*TO DO*
Lower down are entries containing pictures. Copy exactly, without those pictures, the lines from the line with "BTS WORLD TOUR" through the line with "Abdullah II Quote".

Start of DATASET ENTRIES

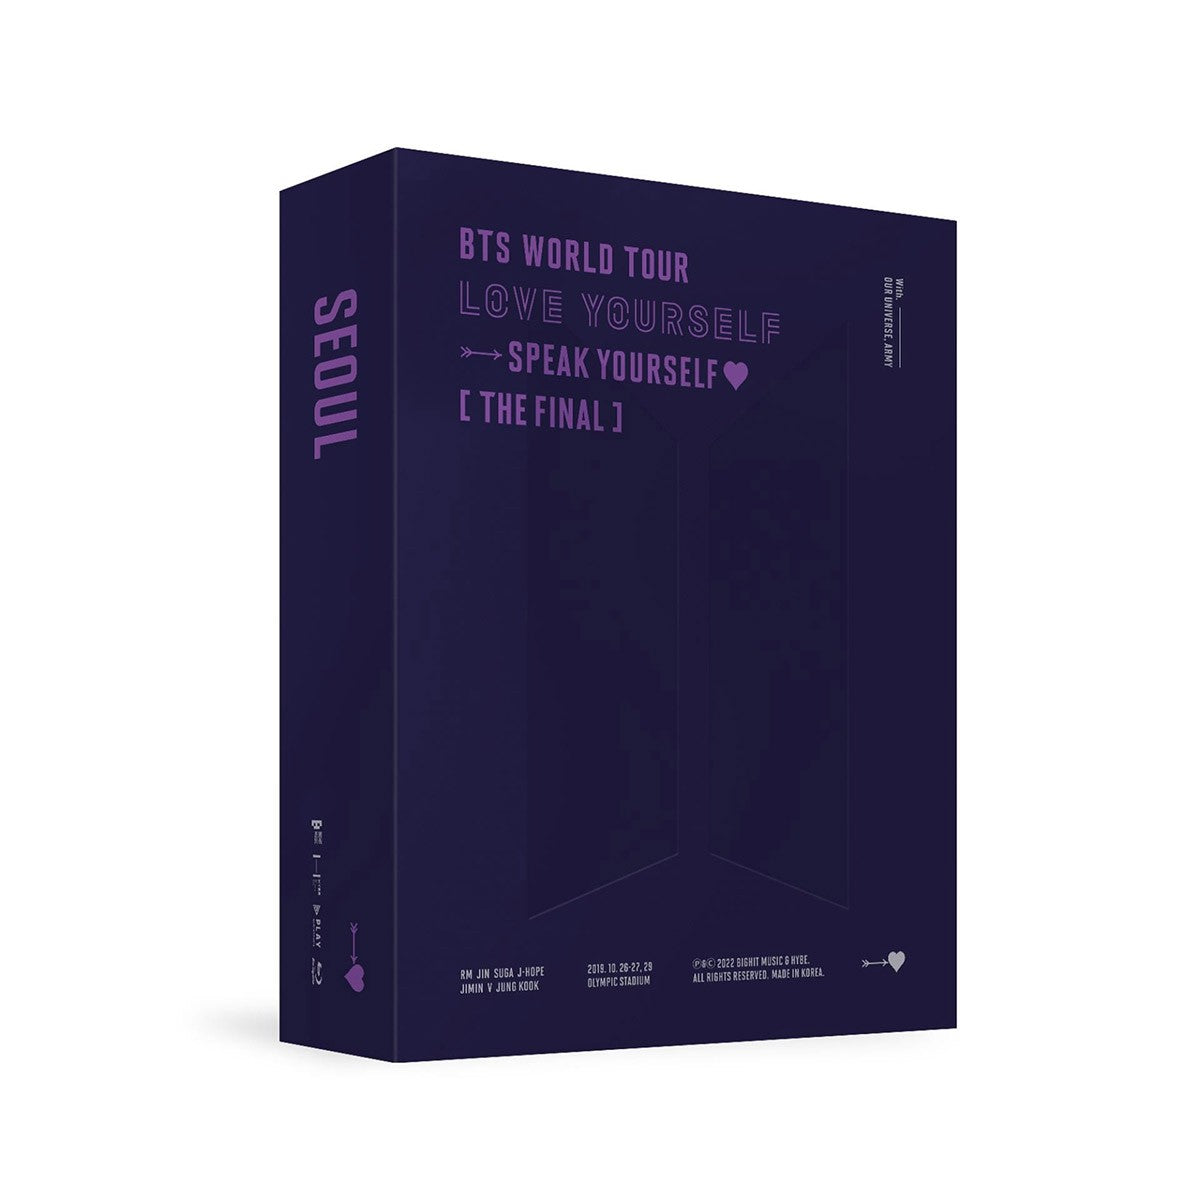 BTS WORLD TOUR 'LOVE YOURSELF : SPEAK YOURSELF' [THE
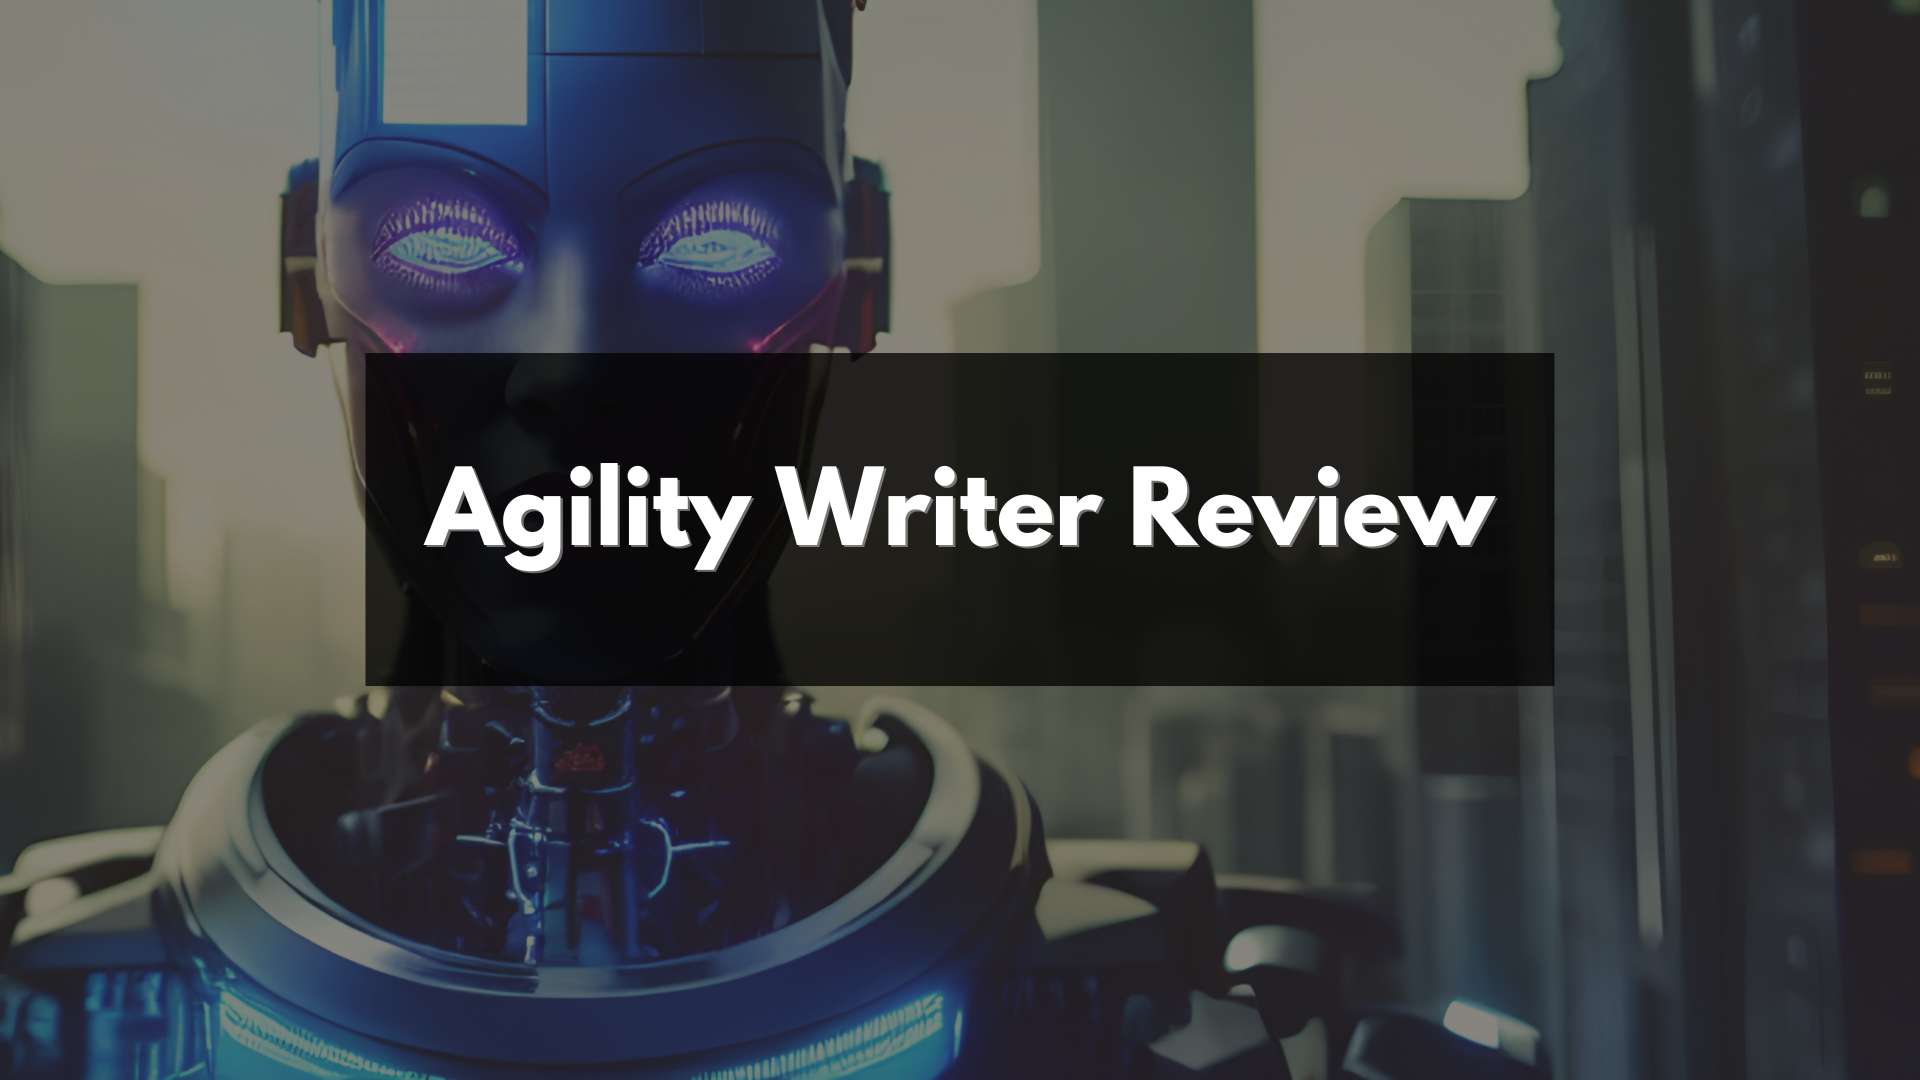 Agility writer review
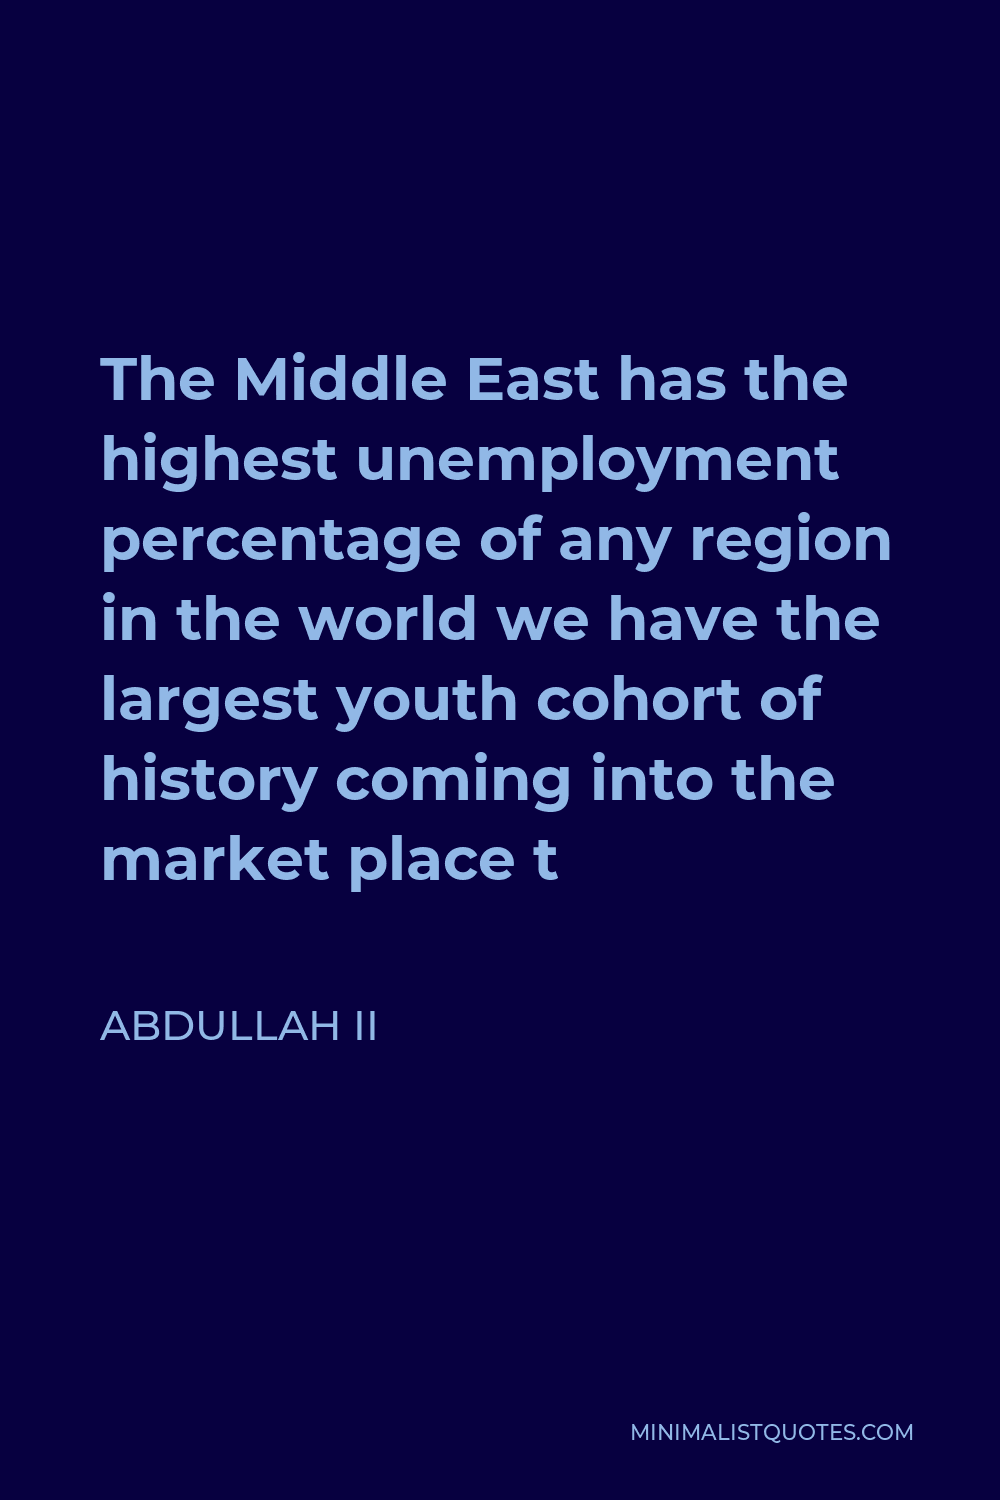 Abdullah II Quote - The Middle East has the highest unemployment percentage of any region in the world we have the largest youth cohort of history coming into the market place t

End of DATASET ENTRIES
Start of DATASET ENTRIES

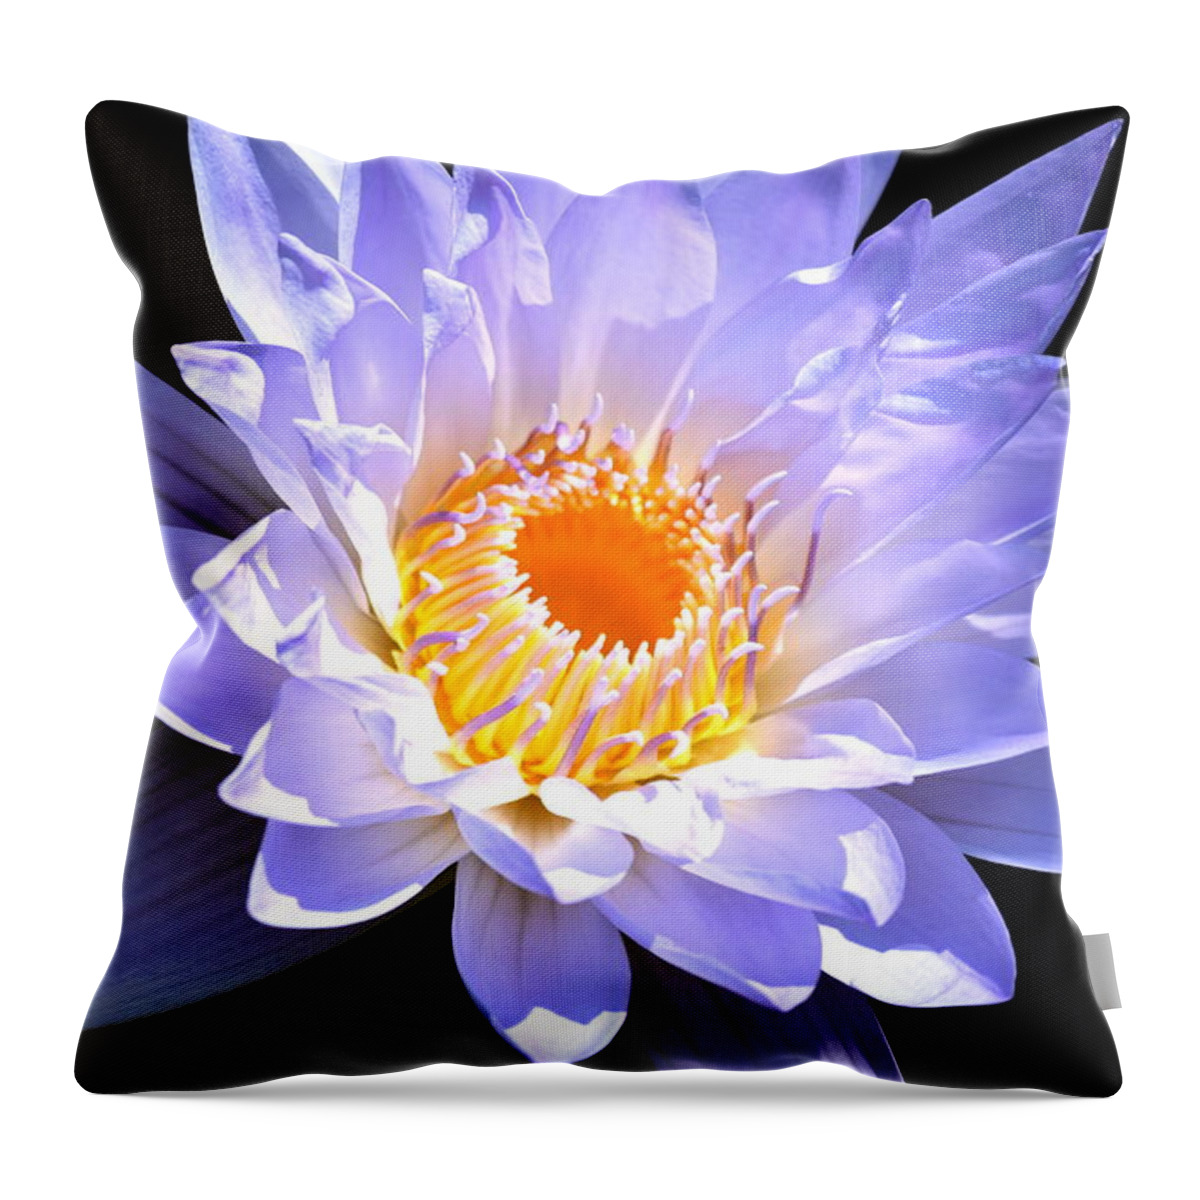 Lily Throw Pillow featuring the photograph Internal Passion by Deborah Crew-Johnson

End of DATASET ENTRIES

*SOLUTION FOR THIS PROBLEM*
 BTS WORLD TOUR 'LOVE YOURSELF : SPEAK YOURSELF' [THE
 Agility writer review
 Abdullah II Quote - The Middle East has the highest unemployment percentage of any region in the world we have the largest youth cohort of history coming into the market place t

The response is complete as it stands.